Scribbled  · PDF · ◊Pollen source

I recently published a small book, the Dice Word List, and I wanted to write down some of the technical details and approaches I took in getting that little thing out the door. Parts of this post assume some familiarity with Pollen and LaTeX.

Although the book’s cover is not very complex or impressive, creating it was the biggest detour I took. I didn’t just want a cover, I wanted better tools for making covers for future books as well.

I’ve made a few books for fun over the years, and creating the cover was always my least favorite part of the process. I had to fire up a graphics program, calculate the size of everything, and click around until I had what I wanted. If my page count changed, I’d have to recalculate everything and manually futz with it some more. This kind of activity always felt wrong in the context of the rest of the project, the whole point of which which was to automate book production with code, not clicks.

So for this project, I created bookcover: a Racket language for writing book covers as programs. Check out the examples in the documentation to get a feel for how it works.

Writing and packaging bookcover was a fun publishing exercise in its own right, and it deserves its own blog post. I learned a lot about Racket in the process.The web book Beautiful Racket, and the post Languages as Dotfiles from the Racket blog, were a huge help in learning and understanding the concepts I needed to write this package.
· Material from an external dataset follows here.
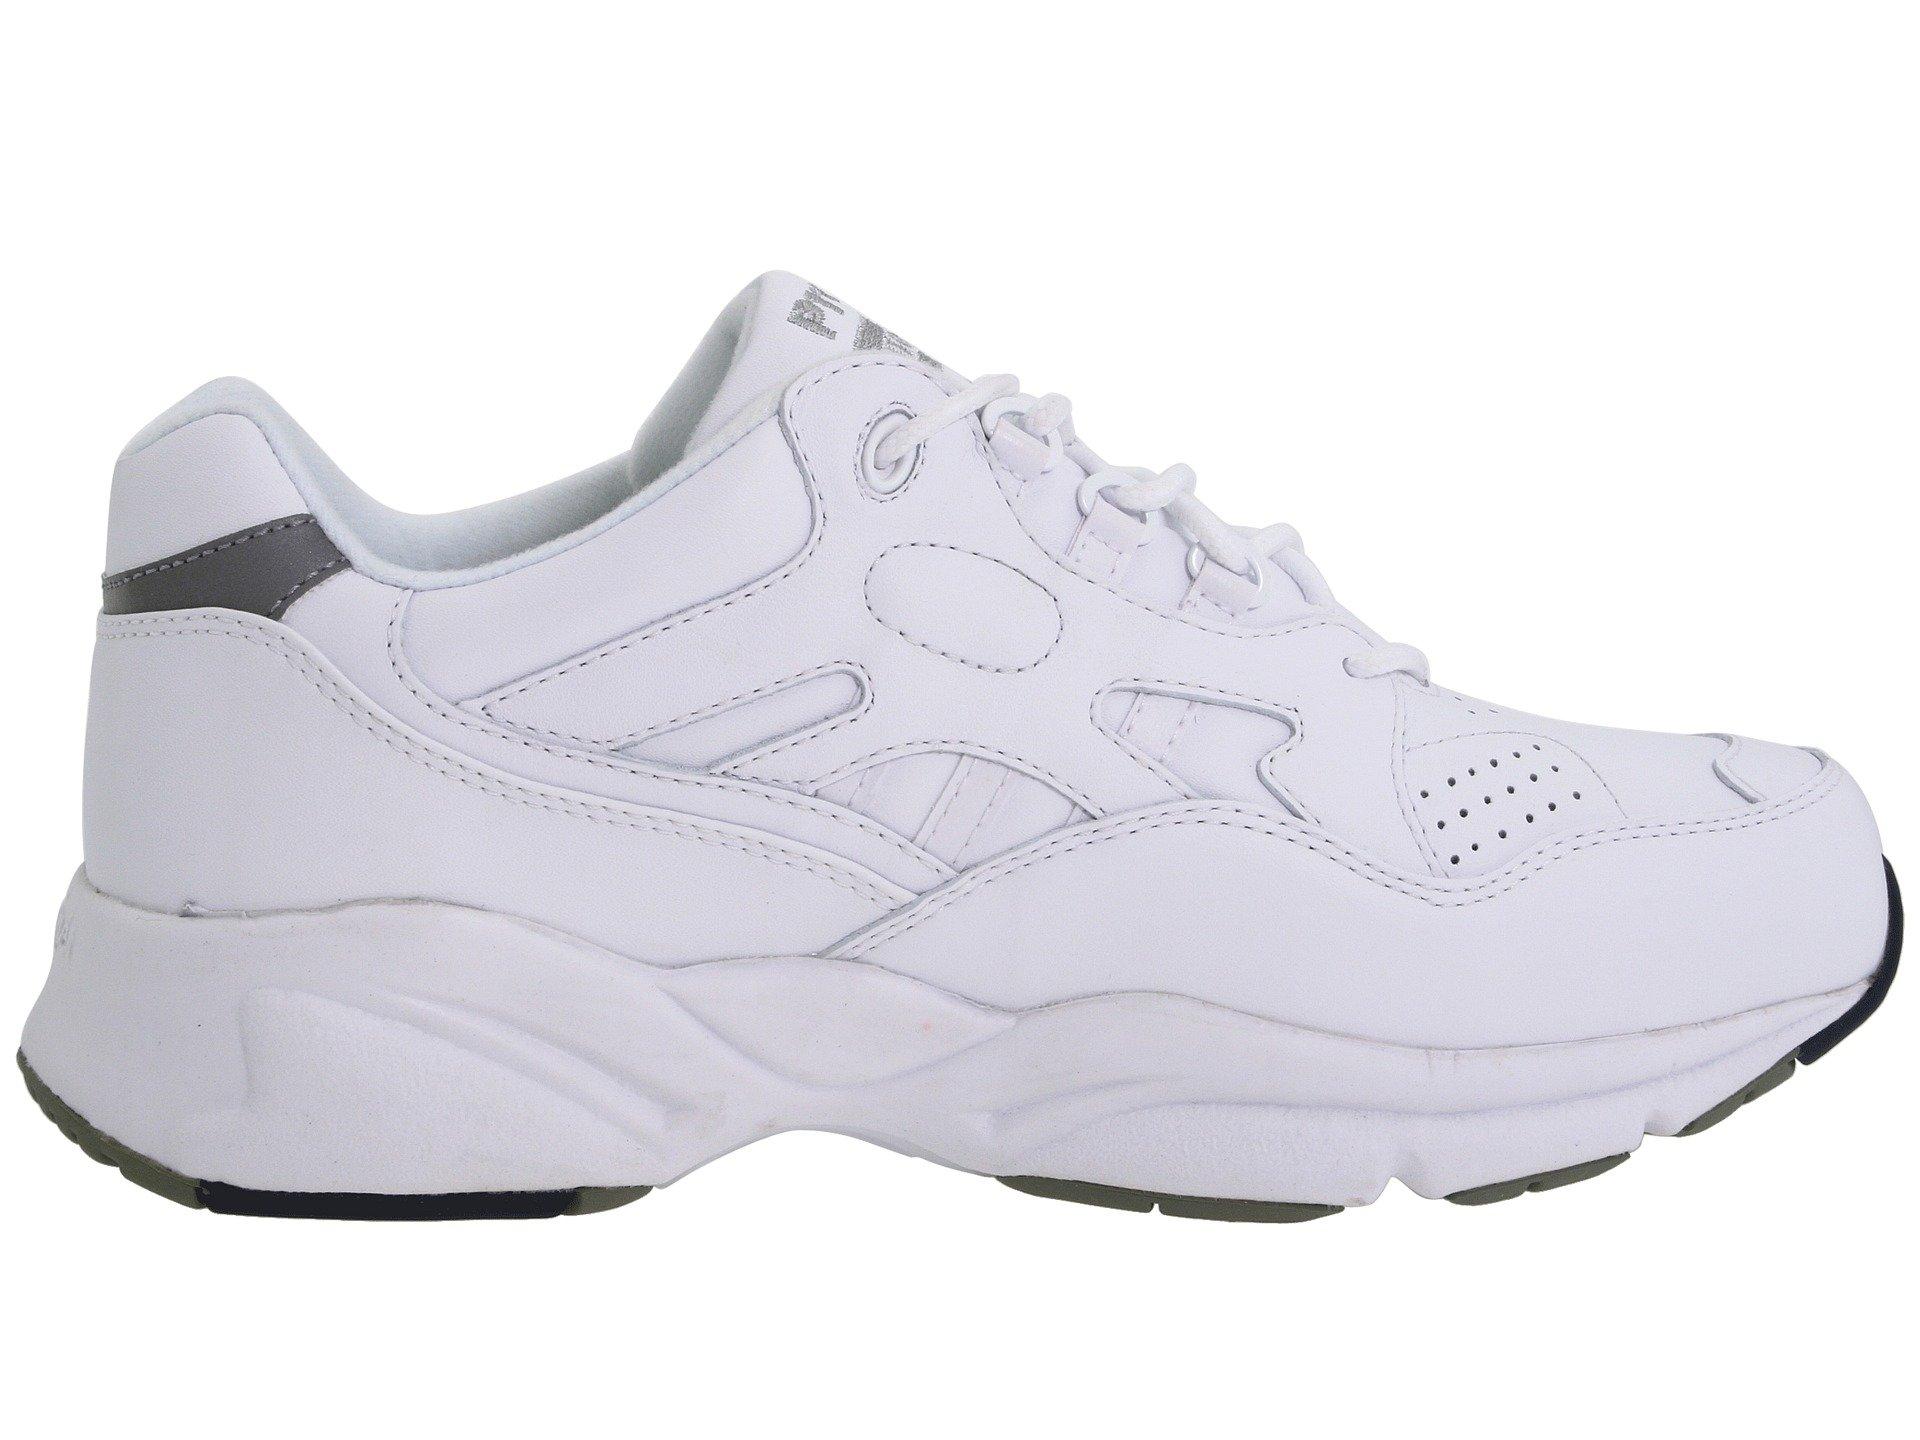 Shoe Code White Medicare Leather A5500 hcpcs Walker Stability Diabetic Propet xFqOTaw

Also, I’m a documentation nerd; I love that Racket’s documentation system is itself a full-powered Racket language, and I love the fact that they have such well-considered and accessible style guides for code and prose. It was great to have an excuse to use these tools and to contribute to the Racket ecosystem in some small way.

But the best part is that I now have a way to crank out book covers for future books.I have wanted to have this kind of tool ever since I read about Faber Finds generative book covers. And, if you use Racket, you do too.

As with previous projects, I used LaTeX to produce the book’s PDF. LaTeX is itself a programming language, but, like most people, I find its syntax grotesque and arbitrary (kind of like its name). So for just about all the interesting bits I used Pollen as a preprocessor.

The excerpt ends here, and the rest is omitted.